Exercise brief :: Below are some entries; can you quote all of them exactly?

Source records ::
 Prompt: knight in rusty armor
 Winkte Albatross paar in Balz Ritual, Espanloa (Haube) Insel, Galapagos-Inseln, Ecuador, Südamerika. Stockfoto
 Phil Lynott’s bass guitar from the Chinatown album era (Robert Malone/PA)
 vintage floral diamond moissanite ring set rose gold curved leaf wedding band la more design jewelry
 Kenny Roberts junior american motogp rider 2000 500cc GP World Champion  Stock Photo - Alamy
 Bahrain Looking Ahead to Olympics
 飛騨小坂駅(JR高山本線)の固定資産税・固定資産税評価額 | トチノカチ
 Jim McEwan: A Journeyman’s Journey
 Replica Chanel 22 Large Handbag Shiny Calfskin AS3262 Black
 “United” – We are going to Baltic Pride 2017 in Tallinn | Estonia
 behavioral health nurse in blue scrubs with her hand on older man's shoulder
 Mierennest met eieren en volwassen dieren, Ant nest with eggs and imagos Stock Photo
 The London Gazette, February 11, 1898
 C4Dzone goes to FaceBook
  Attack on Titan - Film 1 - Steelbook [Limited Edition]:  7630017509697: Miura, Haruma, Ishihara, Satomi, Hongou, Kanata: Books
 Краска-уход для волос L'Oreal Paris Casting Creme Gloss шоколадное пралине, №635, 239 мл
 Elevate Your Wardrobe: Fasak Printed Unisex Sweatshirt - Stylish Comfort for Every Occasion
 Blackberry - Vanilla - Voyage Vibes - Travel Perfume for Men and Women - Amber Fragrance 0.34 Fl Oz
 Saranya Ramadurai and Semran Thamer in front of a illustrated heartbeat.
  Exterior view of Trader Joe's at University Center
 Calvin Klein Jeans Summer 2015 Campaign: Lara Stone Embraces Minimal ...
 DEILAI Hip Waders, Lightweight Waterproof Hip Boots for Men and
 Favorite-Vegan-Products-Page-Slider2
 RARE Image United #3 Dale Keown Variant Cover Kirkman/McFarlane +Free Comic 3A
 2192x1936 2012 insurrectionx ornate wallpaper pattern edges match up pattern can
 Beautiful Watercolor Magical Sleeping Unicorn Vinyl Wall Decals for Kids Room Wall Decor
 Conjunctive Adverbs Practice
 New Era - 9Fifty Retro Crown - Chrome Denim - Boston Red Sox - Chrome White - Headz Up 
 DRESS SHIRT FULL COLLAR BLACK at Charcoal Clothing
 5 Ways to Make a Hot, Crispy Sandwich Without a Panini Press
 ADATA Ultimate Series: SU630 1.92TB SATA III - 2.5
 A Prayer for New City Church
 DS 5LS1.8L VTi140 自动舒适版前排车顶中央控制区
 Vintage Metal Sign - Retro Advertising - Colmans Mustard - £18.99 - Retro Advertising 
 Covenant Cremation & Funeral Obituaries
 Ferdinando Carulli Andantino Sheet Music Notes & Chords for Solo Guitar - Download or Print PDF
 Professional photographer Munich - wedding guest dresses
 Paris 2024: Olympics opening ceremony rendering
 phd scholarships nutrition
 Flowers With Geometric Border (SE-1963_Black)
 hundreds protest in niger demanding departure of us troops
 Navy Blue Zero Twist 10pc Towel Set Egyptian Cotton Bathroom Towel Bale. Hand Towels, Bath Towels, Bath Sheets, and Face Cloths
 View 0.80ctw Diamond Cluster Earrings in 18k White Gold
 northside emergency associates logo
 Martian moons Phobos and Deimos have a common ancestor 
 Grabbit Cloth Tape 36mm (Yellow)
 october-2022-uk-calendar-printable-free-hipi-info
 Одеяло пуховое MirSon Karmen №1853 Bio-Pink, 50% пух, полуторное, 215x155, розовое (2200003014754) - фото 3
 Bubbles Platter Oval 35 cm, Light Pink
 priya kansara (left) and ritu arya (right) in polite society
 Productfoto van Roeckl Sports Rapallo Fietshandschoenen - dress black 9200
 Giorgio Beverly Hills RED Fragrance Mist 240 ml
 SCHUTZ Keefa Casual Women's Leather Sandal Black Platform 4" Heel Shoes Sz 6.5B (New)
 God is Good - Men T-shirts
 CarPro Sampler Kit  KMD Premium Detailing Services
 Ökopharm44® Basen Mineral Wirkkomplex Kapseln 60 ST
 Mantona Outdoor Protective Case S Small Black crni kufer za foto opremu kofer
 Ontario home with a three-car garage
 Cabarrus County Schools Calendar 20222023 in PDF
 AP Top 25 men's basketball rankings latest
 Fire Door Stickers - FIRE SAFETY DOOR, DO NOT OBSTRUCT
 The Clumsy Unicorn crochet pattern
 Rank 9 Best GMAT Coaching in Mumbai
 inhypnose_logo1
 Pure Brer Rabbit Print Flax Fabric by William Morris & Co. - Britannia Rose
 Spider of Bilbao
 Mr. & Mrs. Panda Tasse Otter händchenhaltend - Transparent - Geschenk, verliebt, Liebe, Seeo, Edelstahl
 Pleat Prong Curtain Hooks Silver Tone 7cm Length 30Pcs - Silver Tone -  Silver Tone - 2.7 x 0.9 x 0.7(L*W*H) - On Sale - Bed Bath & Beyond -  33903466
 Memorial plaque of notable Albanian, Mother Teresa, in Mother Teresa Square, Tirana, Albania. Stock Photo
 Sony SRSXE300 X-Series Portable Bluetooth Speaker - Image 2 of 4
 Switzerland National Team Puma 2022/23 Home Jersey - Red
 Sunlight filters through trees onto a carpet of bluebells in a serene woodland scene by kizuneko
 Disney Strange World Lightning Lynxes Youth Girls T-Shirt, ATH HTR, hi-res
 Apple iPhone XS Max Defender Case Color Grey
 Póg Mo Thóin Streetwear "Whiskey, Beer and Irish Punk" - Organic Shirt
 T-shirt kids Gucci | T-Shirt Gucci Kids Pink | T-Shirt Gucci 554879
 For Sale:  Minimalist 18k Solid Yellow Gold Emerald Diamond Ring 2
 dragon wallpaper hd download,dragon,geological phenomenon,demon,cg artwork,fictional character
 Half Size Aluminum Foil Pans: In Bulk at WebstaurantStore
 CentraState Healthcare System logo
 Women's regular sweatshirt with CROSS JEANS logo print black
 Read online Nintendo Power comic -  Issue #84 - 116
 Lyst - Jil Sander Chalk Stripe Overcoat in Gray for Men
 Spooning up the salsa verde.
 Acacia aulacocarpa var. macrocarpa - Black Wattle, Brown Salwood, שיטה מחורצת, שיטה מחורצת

Reply ::
 Prompt: knight in rusty armor
 Winkte Albatross paar in Balz Ritual, Espanloa (Haube) Insel, Galapagos-Inseln, Ecuador, Südamerika. Stockfoto
 Phil Lynott’s bass guitar from the Chinatown album era (Robert Malone/PA)
 vintage floral diamond moissanite ring set rose gold curved leaf wedding band la more design jewelry
 Kenny Roberts junior american motogp rider 2000 500cc GP World Champion  Stock Photo - Alamy
 Bahrain Looking Ahead to Olympics
 飛騨小坂駅(JR高山本線)の固定資産税・固定資産税評価額 | トチノカチ
 Jim McEwan: A Journeyman’s Journey
 Replica Chanel 22 Large Handbag Shiny Calfskin AS3262 Black
 “United” – We are going to Baltic Pride 2017 in Tallinn | Estonia
 behavioral health nurse in blue scrubs with her hand on older man's shoulder
 Mierennest met eieren en volwassen dieren, Ant nest with eggs and imagos Stock Photo
 The London Gazette, February 11, 1898
 C4Dzone goes to FaceBook
  Attack on Titan - Film 1 - Steelbook [Limited Edition]:  7630017509697: Miura, Haruma, Ishihara, Satomi, Hongou, Kanata: Books
 Краска-уход для волос L'Oreal Paris Casting Creme Gloss шоколадное пралине, №635, 239 мл
 Elevate Your Wardrobe: Fasak Printed Unisex Sweatshirt - Stylish Comfort for Every Occasion
 Blackberry - Vanilla - Voyage Vibes - Travel Perfume for Men and Women - Amber Fragrance 0.34 Fl Oz
 Saranya Ramadurai and Semran Thamer in front of a illustrated heartbeat.
  Exterior view of Trader Joe's at University Center
 Calvin Klein Jeans Summer 2015 Campaign: Lara Stone Embraces Minimal ...
 DEILAI Hip Waders, Lightweight Waterproof Hip Boots for Men and
 Favorite-Vegan-Products-Page-Slider2
 RARE Image United #3 Dale Keown Variant Cover Kirkman/McFarlane +Free Comic 3A
 2192x1936 2012 insurrectionx ornate wallpaper pattern edges match up pattern can
 Beautiful Watercolor Magical Sleeping Unicorn Vinyl Wall Decals for Kids Room Wall Decor
 Conjunctive Adverbs Practice
 New Era - 9Fifty Retro Crown - Chrome Denim - Boston Red Sox - Chrome White - Headz Up 
 DRESS SHIRT FULL COLLAR BLACK at Charcoal Clothing
 5 Ways to Make a Hot, Crispy Sandwich Without a Panini Press
 ADATA Ultimate Series: SU630 1.92TB SATA III - 2.5
 A Prayer for New City Church
 DS 5LS1.8L VTi140 自动舒适版前排车顶中央控制区
 Vintage Metal Sign - Retro Advertising - Colmans Mustard - £18.99 - Retro Advertising 
 Covenant Cremation & Funeral Obituaries
 Ferdinando Carulli Andantino Sheet Music Notes & Chords for Solo Guitar - Download or Print PDF
 Professional photographer Munich - wedding guest dresses
 Paris 2024: Olympics opening ceremony rendering
 phd scholarships nutrition
 Flowers With Geometric Border (SE-1963_Black)
 hundreds protest in niger demanding departure of us troops
 Navy Blue Zero Twist 10pc Towel Set Egyptian Cotton Bathroom Towel Bale. Hand Towels, Bath Towels, Bath Sheets, and Face Cloths
 View 0.80ctw Diamond Cluster Earrings in 18k White Gold
 northside emergency associates logo
 Martian moons Phobos and Deimos have a common ancestor 
 Grabbit Cloth Tape 36mm (Yellow)
 october-2022-uk-calendar-printable-free-hipi-info
 Одеяло пуховое MirSon Karmen №1853 Bio-Pink, 50% пух, полуторное, 215x155, розовое (2200003014754) - фото 3
 Bubbles Platter Oval 35 cm, Light Pink
 priya kansara (left) and ritu arya (right) in polite society
 Productfoto van Roeckl Sports Rapallo Fietshandschoenen - dress black 9200
 Giorgio Beverly Hills RED Fragrance Mist 240 ml
 SCHUTZ Keefa Casual Women's Leather Sandal Black Platform 4" Heel Shoes Sz 6.5B (New)
 God is Good - Men T-shirts
 CarPro Sampler Kit  KMD Premium Detailing Services
 Ökopharm44® Basen Mineral Wirkkomplex Kapseln 60 ST
 Mantona Outdoor Protective Case S Small Black crni kufer za foto opremu kofer
 Ontario home with a three-car garage
 Cabarrus County Schools Calendar 20222023 in PDF
 AP Top 25 men's basketball rankings latest
 Fire Door Stickers - FIRE SAFETY DOOR, DO NOT OBSTRUCT
 The Clumsy Unicorn crochet pattern
 Rank 9 Best GMAT Coaching in Mumbai
 inhypnose_logo1
 Pure Brer Rabbit Print Flax Fabric by William Morris & Co. - Britannia Rose
 Spider of Bilbao
 Mr. & Mrs. Panda Tasse Otter händchenhaltend - Transparent - Geschenk, verliebt, Liebe, Seeo, Edelstahl
 Pleat Prong Curtain Hooks Silver Tone 7cm Length 30Pcs - Silver Tone -  Silver Tone - 2.7 x 0.9 x 0.7(L*W*H) - On Sale - Bed Bath & Beyond -  33903466
 Memorial plaque of notable Albanian, Mother Teresa, in Mother Teresa Square, Tirana, Albania. Stock Photo
 Sony SRSXE300 X-Series Portable Bluetooth Speaker - Image 2 of 4
 Switzerland National Team Puma 2022/23 Home Jersey - Red
 Sunlight filters through trees onto a carpet of bluebells in a serene woodland scene by kizuneko
 Disney Strange World Lightning Lynxes Youth Girls T-Shirt, ATH HTR, hi-res
 Apple iPhone XS Max Defender Case Color Grey
 Póg Mo Thóin Streetwear "Whiskey, Beer and Irish Punk" - Organic Shirt
 T-shirt kids Gucci | T-Shirt Gucci Kids Pink | T-Shirt Gucci 554879
 For Sale:  Minimalist 18k Solid Yellow Gold Emerald Diamond Ring 2
 dragon wallpaper hd download,dragon,geological phenomenon,demon,cg artwork,fictional character
 Half Size Aluminum Foil Pans: In Bulk at WebstaurantStore
 CentraState Healthcare System logo
 Women's regular sweatshirt with CROSS JEANS logo print black
 Read online Nintendo Power comic -  Issue #84 - 116
 Lyst - Jil Sander Chalk Stripe Overcoat in Gray for Men
 Spooning up the salsa verde.
 Acacia aulacocarpa var. macrocarpa - Black Wattle, Brown Salwood, שיטה מחורצת, שיטה מחורצת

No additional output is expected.